━━ Input ━━

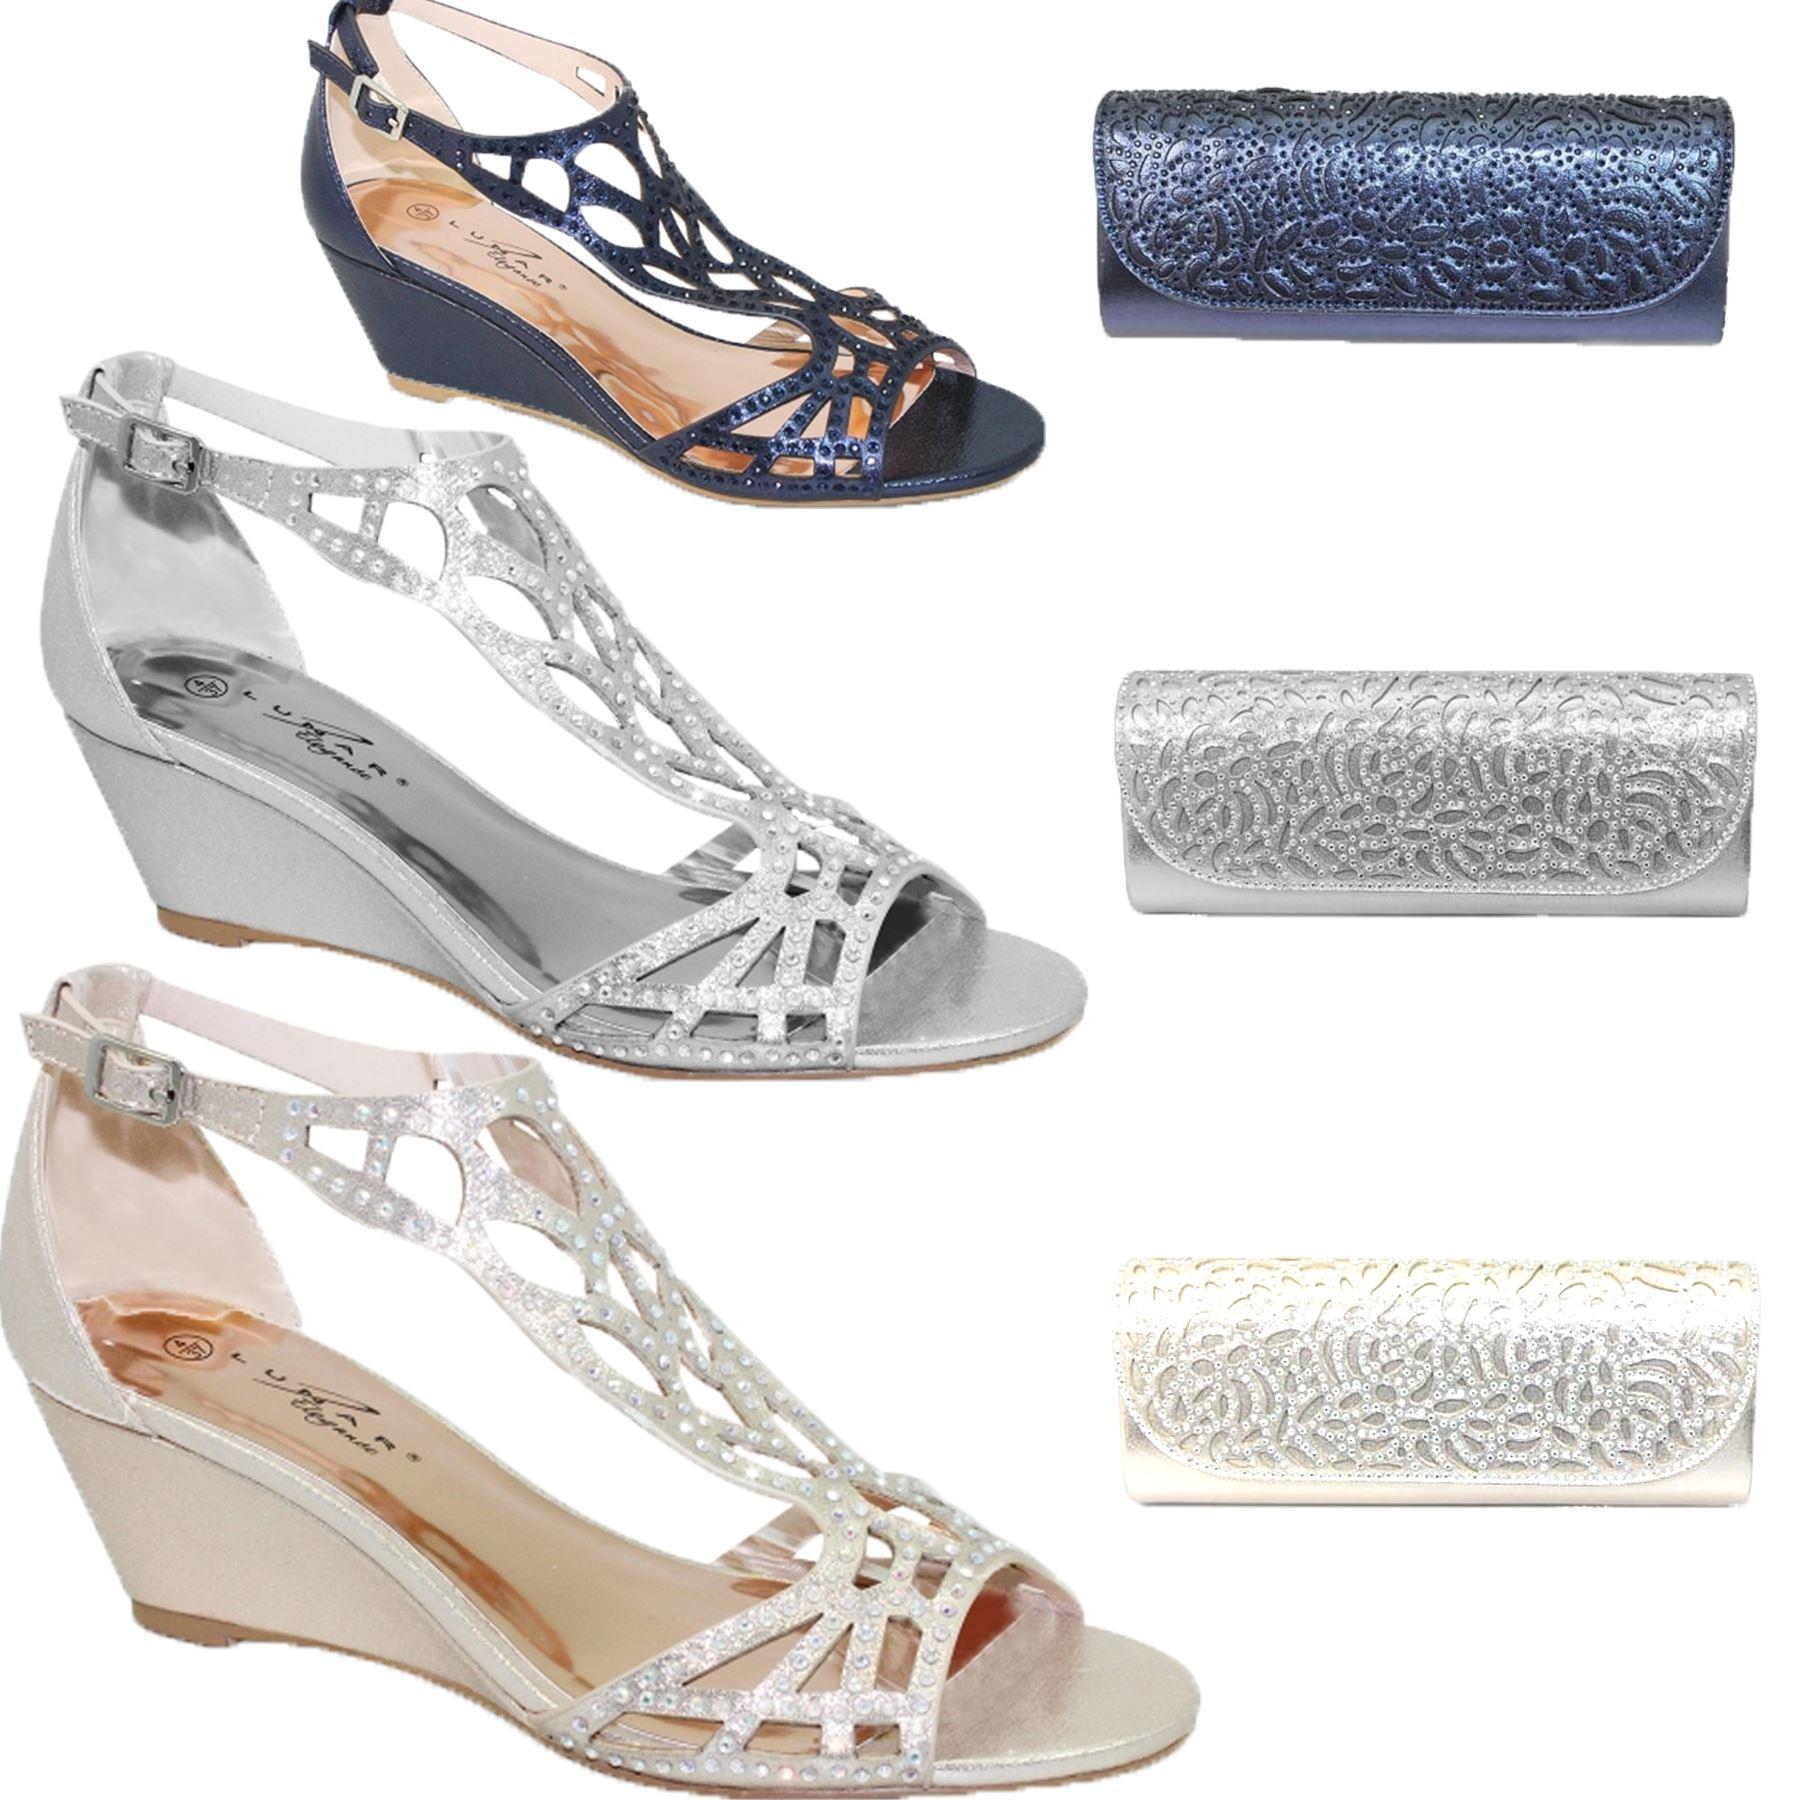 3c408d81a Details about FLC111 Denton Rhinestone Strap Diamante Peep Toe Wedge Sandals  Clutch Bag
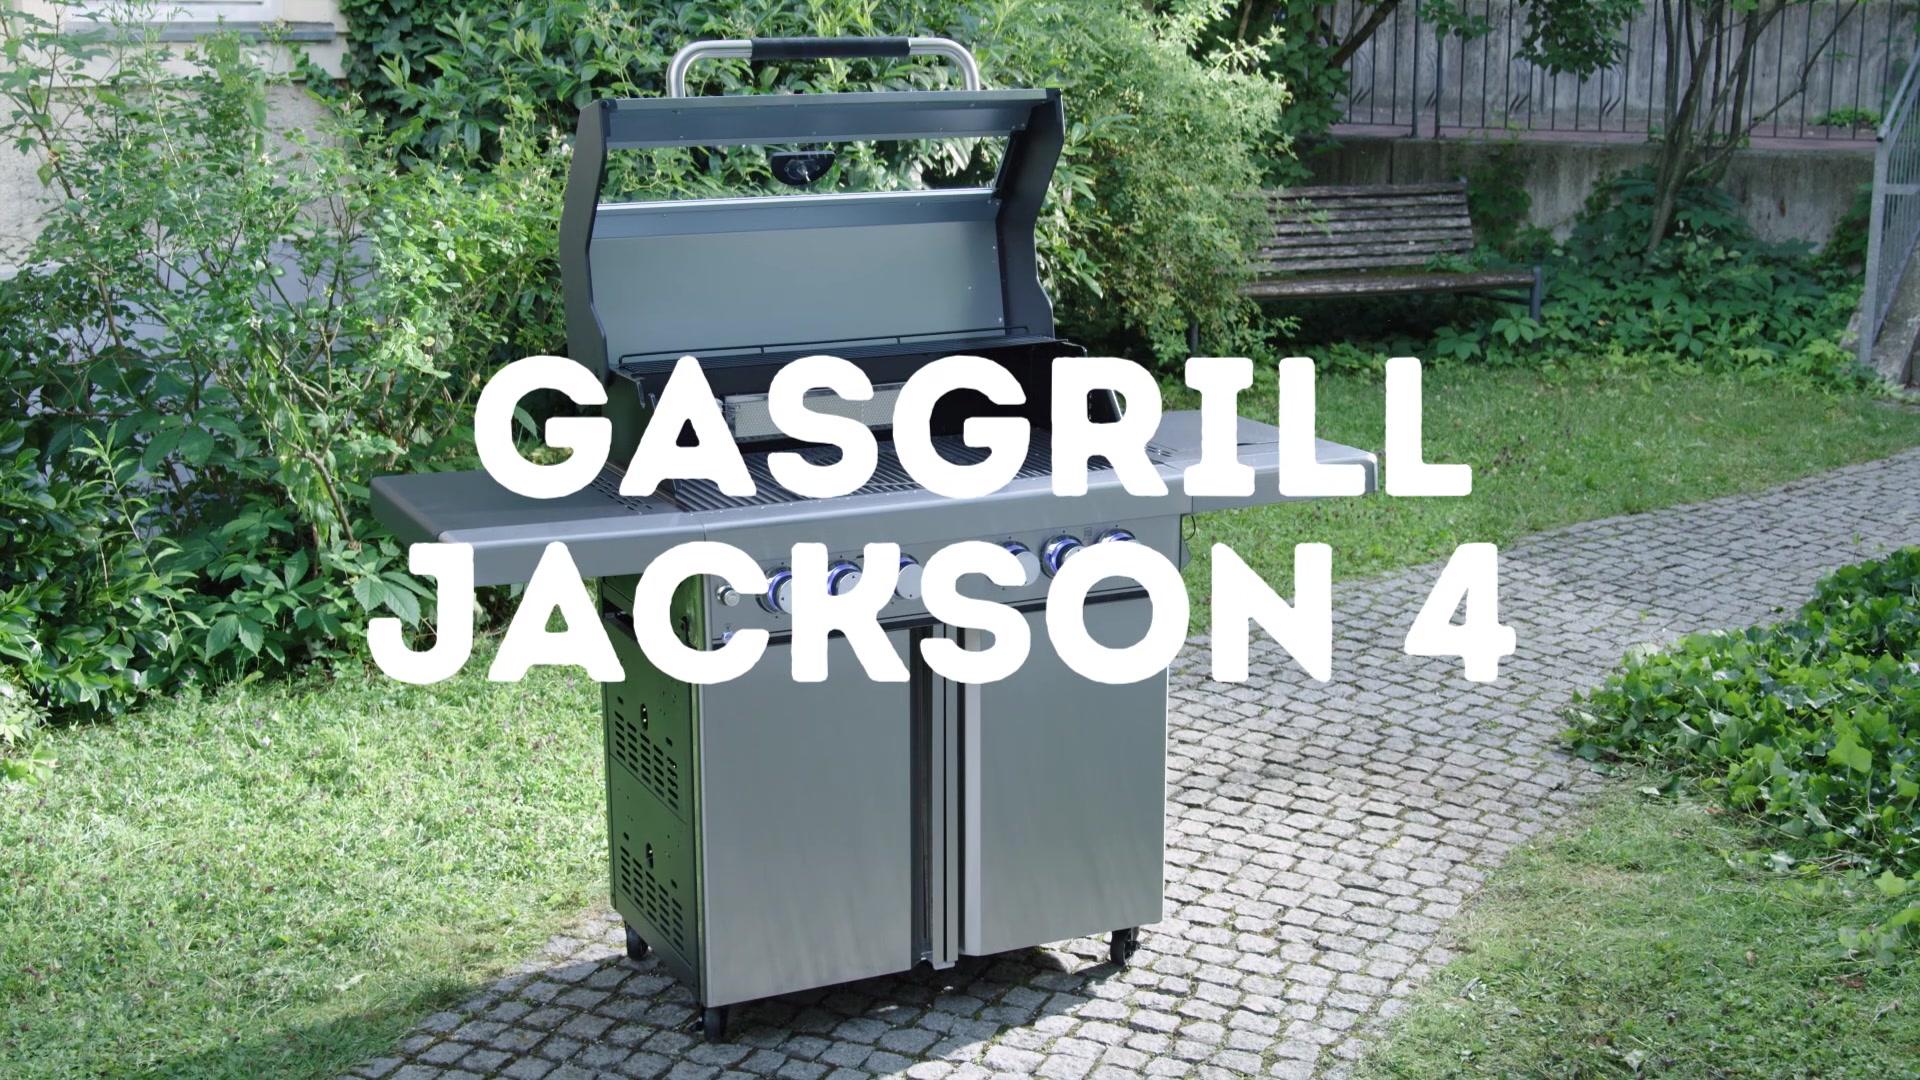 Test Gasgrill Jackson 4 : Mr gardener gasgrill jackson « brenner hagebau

━━━
━━ Input ━━

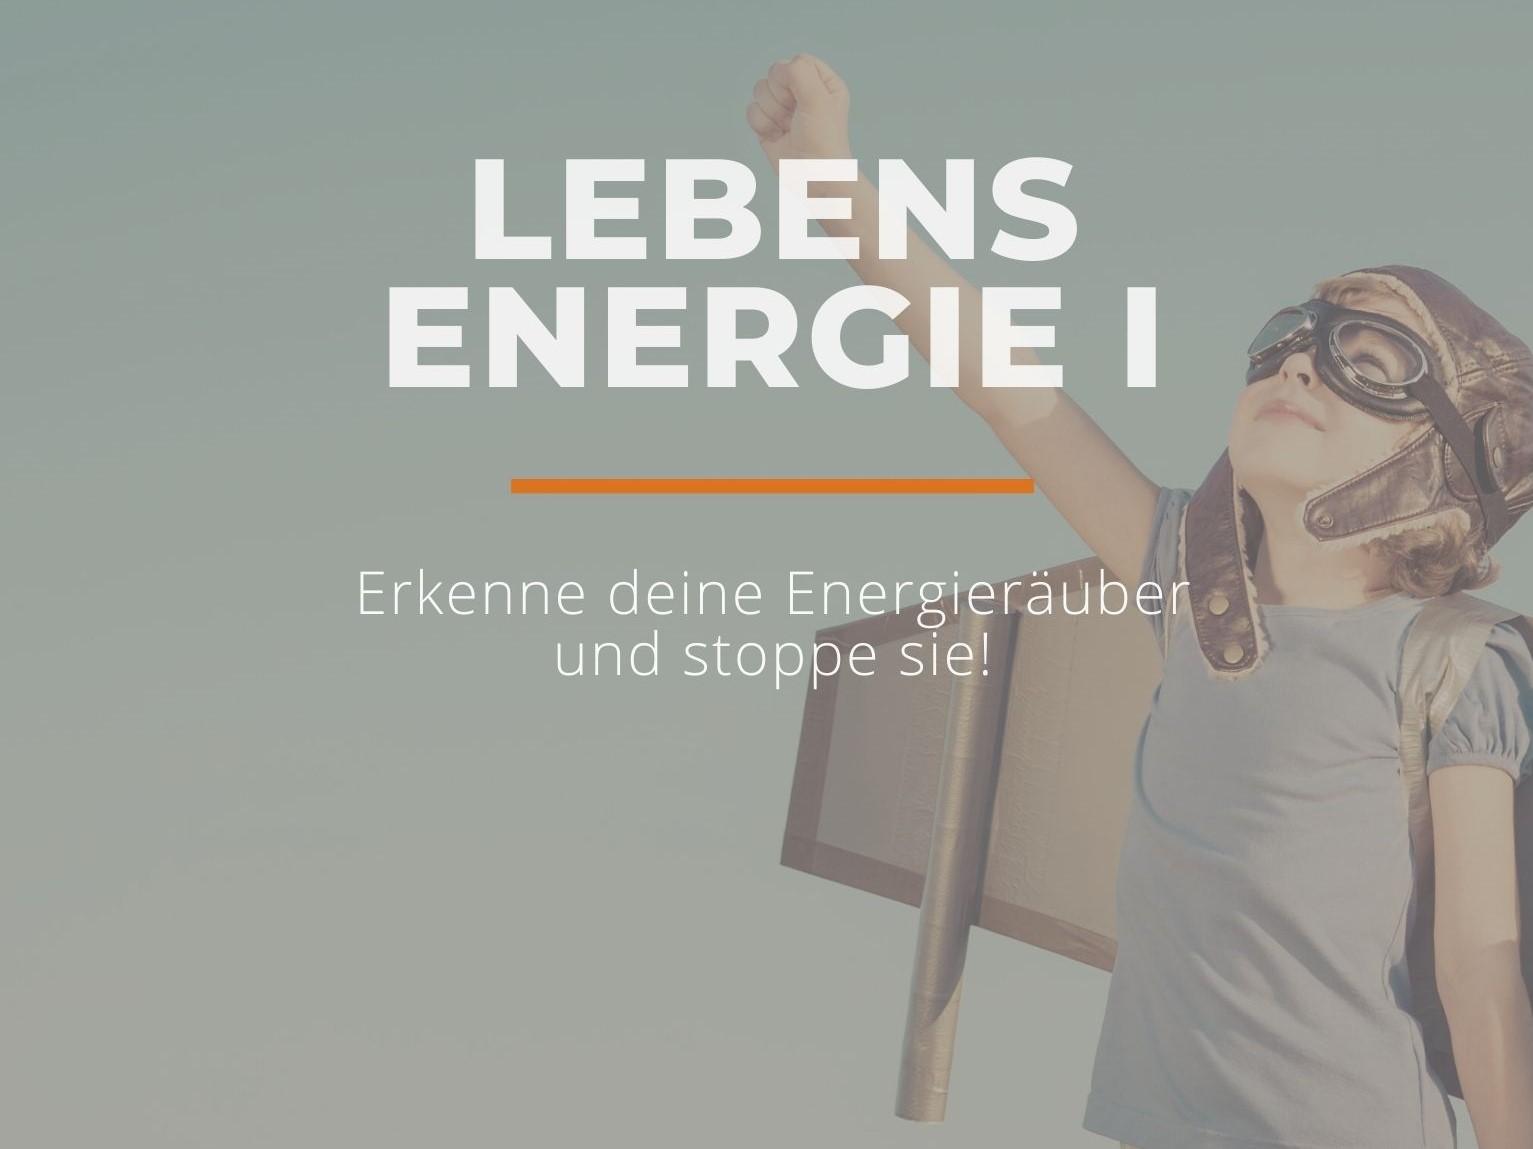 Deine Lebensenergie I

━━━
━━ Input ━━

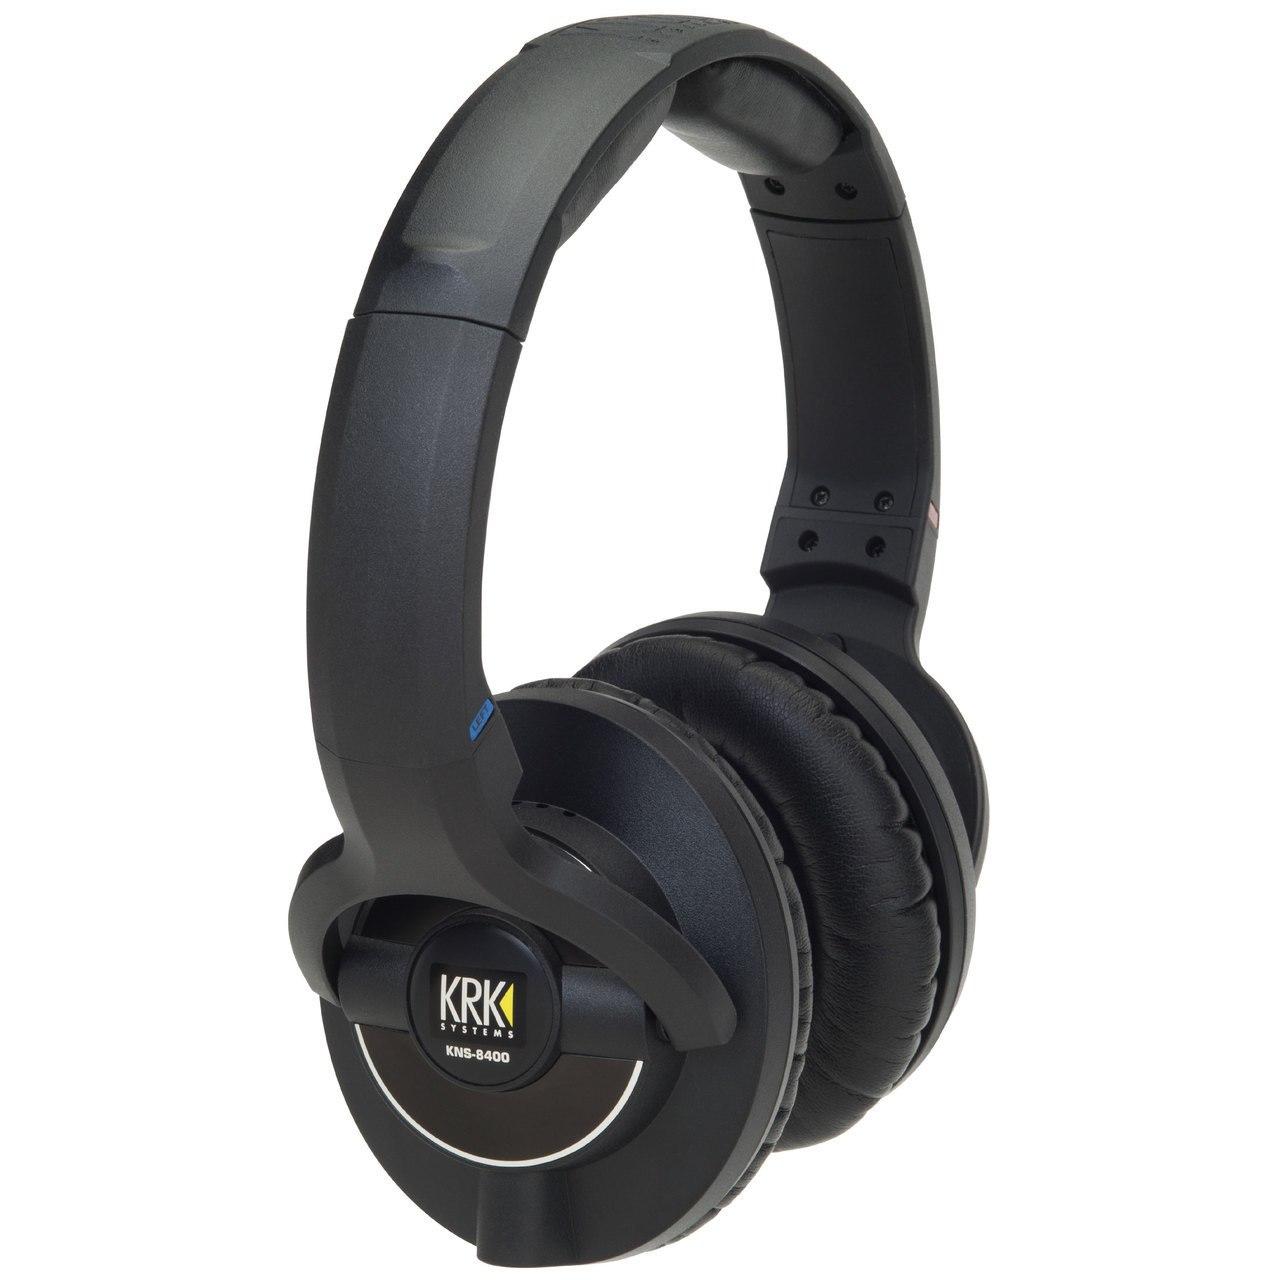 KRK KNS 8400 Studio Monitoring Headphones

━━━

-- Task prompt --
Leaving out each picture, repeat exactly the lines above from the one that contains "3c408d81a Details about" through the one that contains "Test Gasgrill Jackson".

-- Exercise output --
 3c408d81a Details about FLC111 Denton Rhinestone Strap Diamante Peep Toe Wedge Sandals  Clutch Bag
 Test Gasgrill Jackson 4 : Mr gardener gasgrill jackson « brenner hagebau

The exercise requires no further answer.